[PROBLEM DESCRIPTION] Omit all pictures, then repeat the listing exactly.

[MATERIAL PROVIDED]
=== Section Start ===

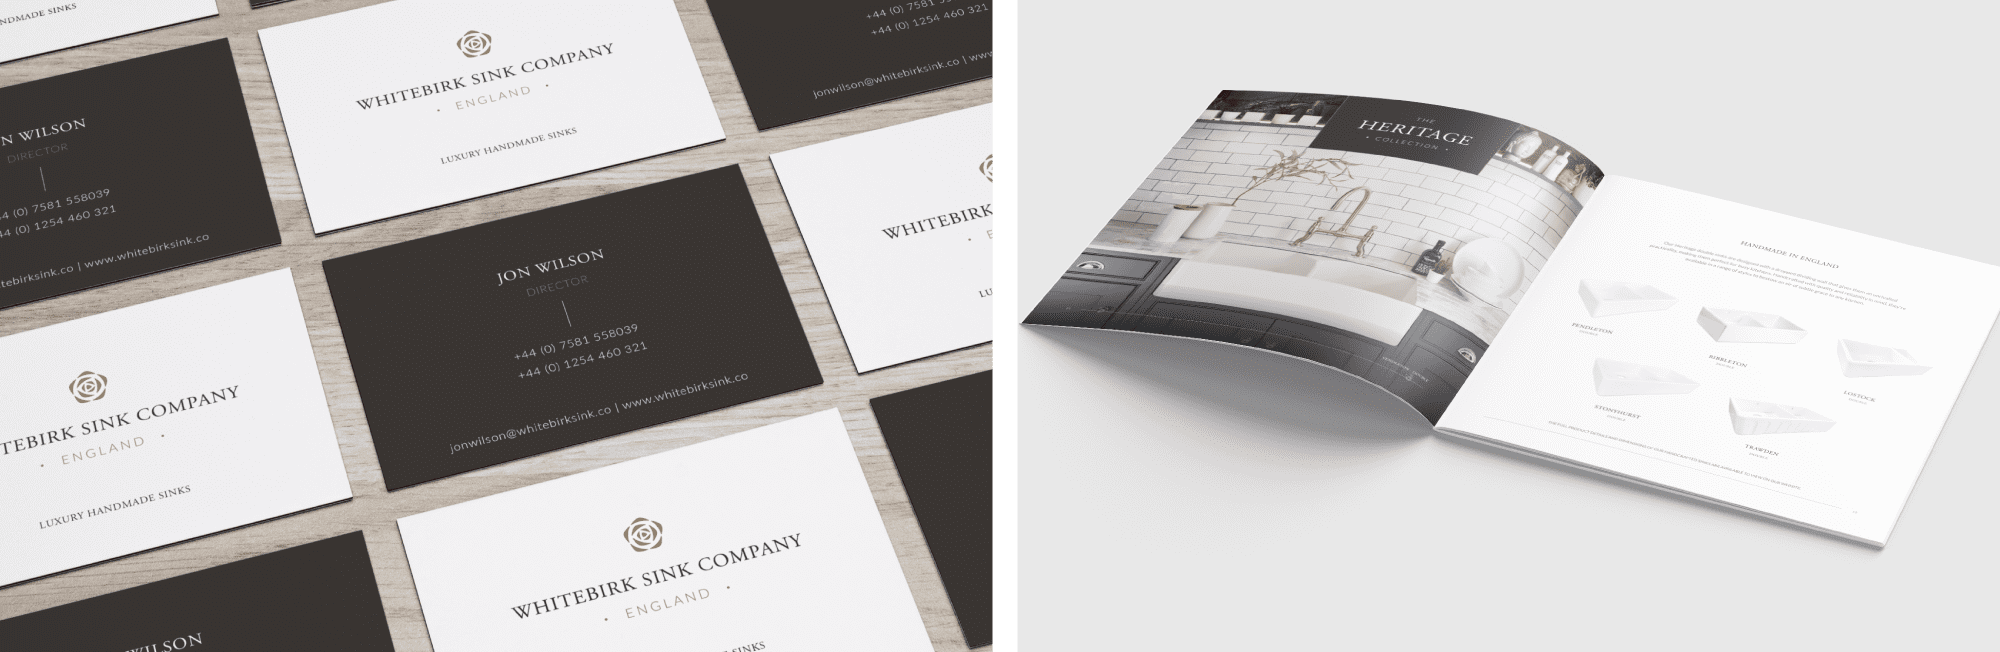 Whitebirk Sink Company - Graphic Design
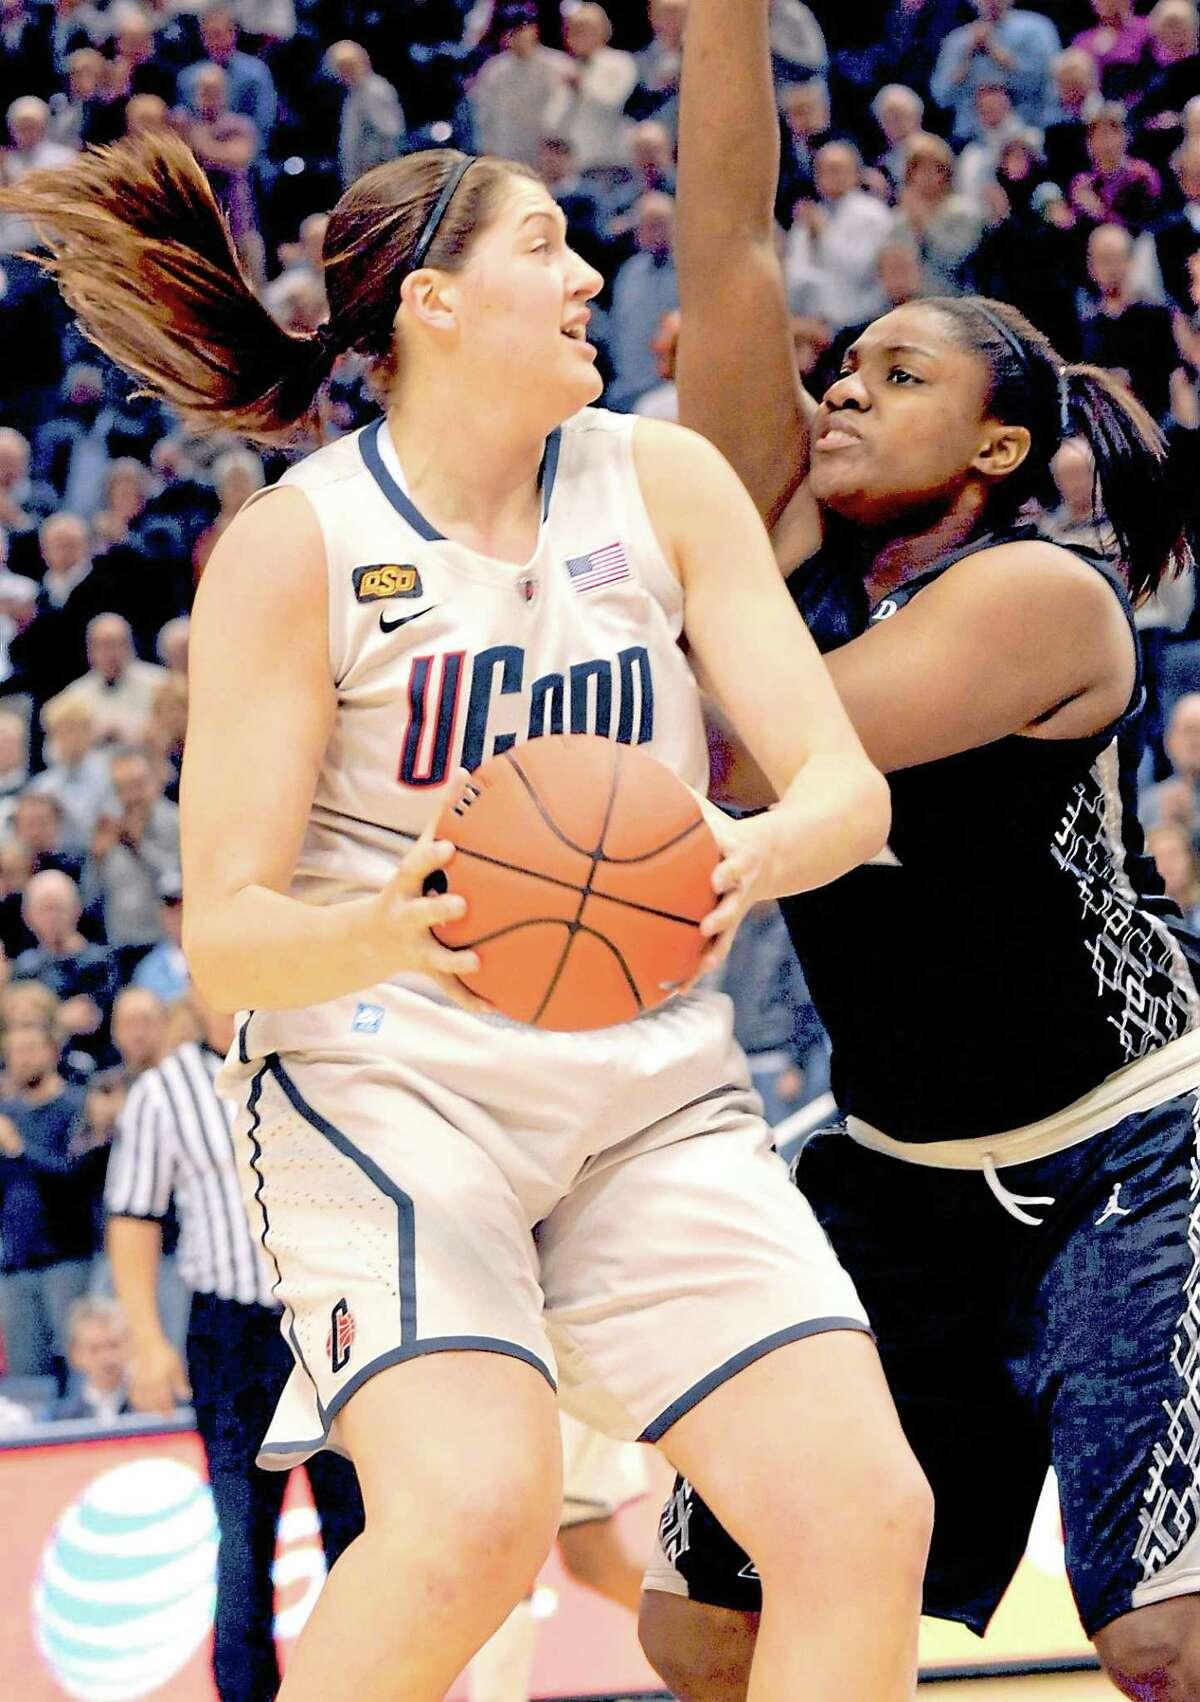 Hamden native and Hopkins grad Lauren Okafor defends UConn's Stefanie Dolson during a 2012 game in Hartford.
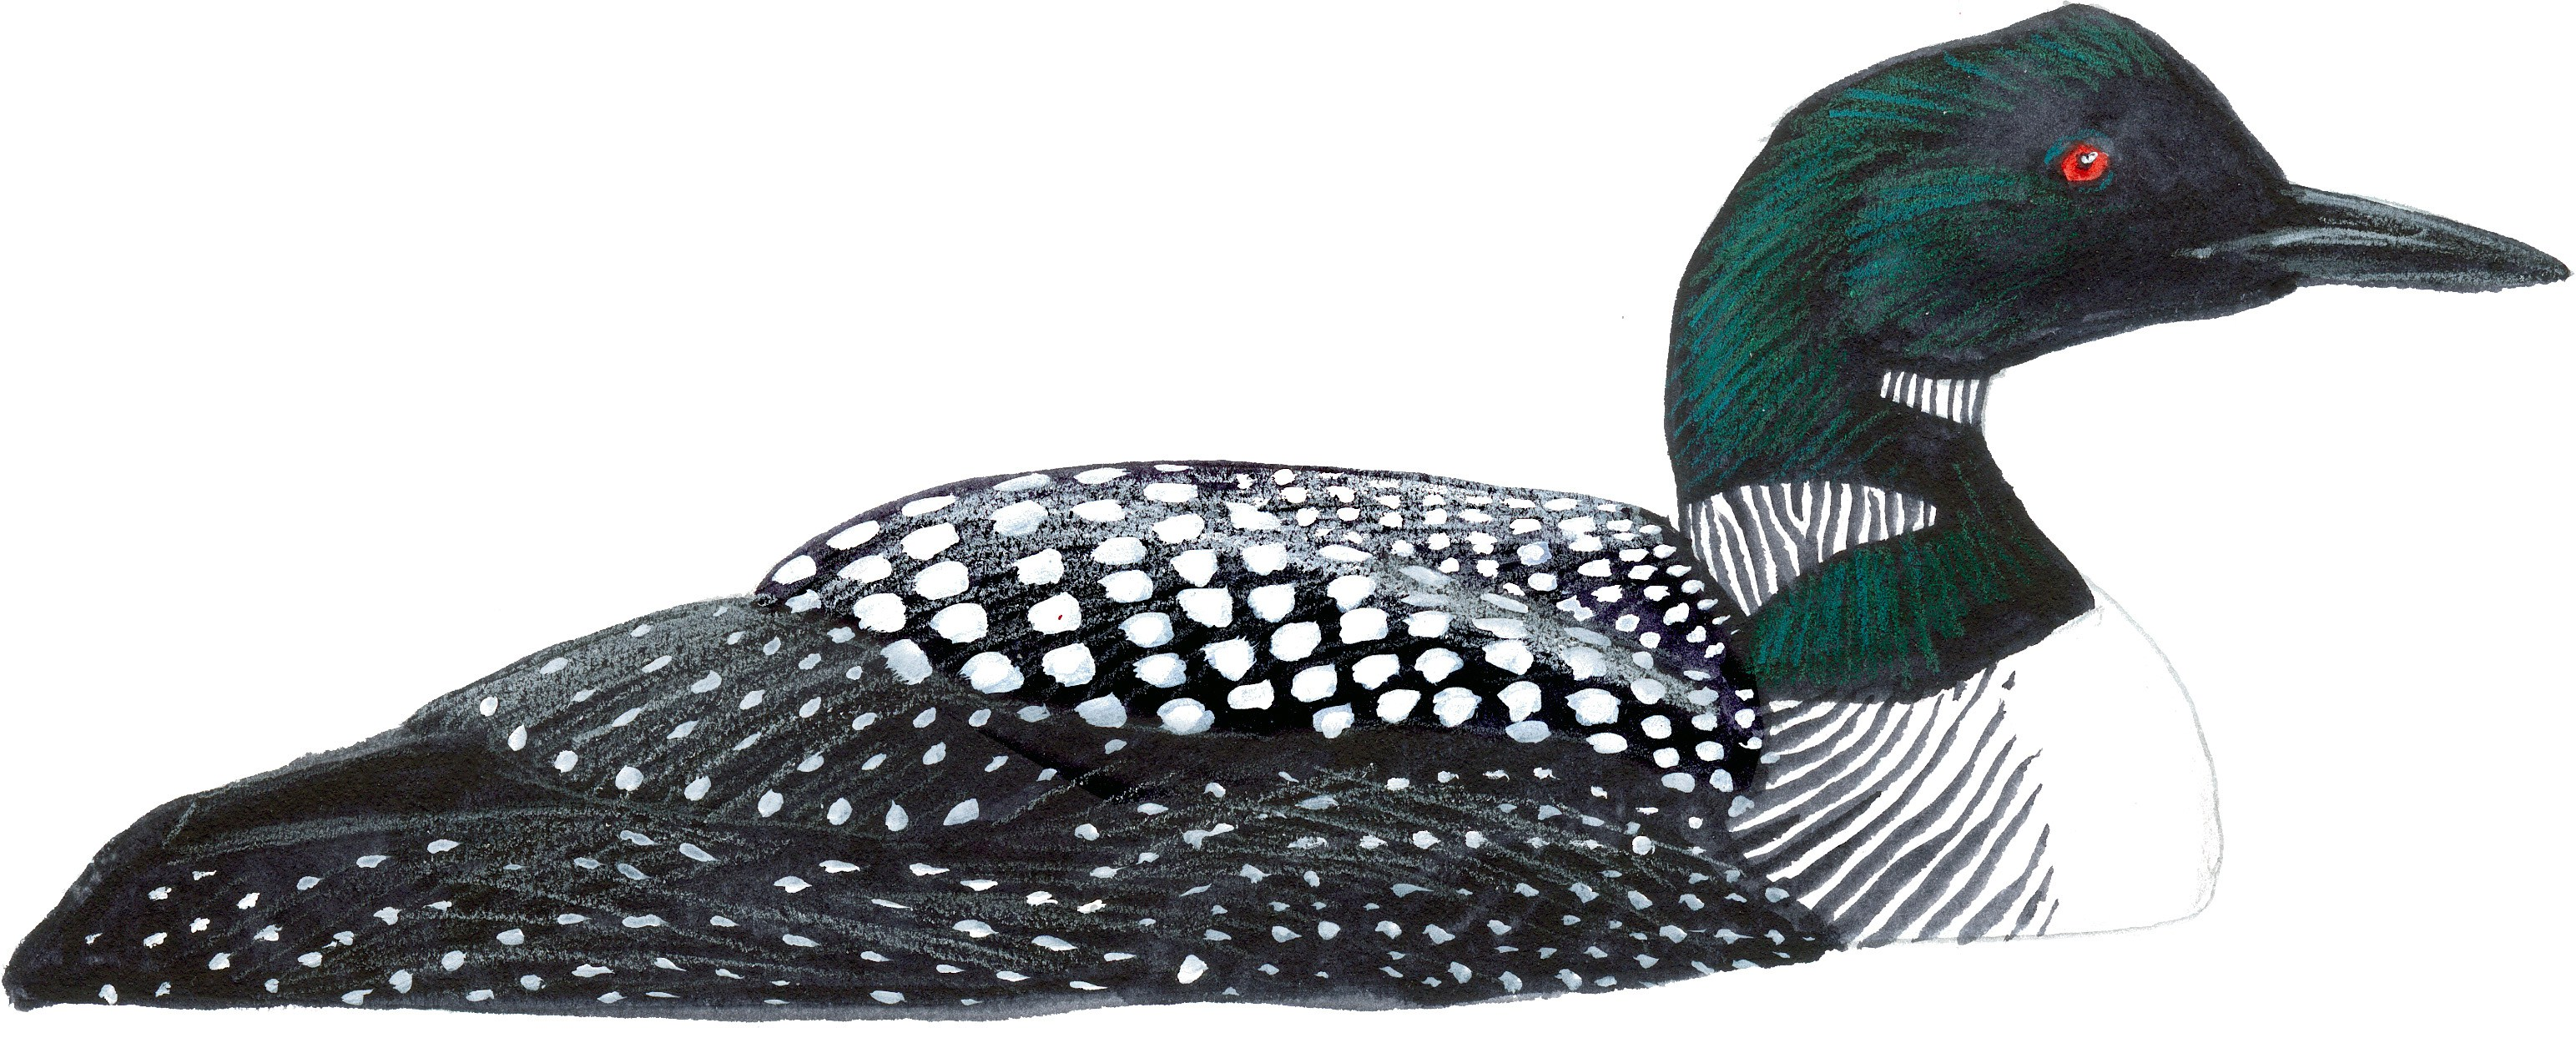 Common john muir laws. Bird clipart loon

=== Section End ===

[OUTPUT OF THE TASK]
 Whitebirk Sink Company - Graphic Design
 Hamden native and Hopkins grad Lauren Okafor defends UConn's Stefanie Dolson during a 2012 game in Hartford.
 Common john muir laws. Bird clipart loon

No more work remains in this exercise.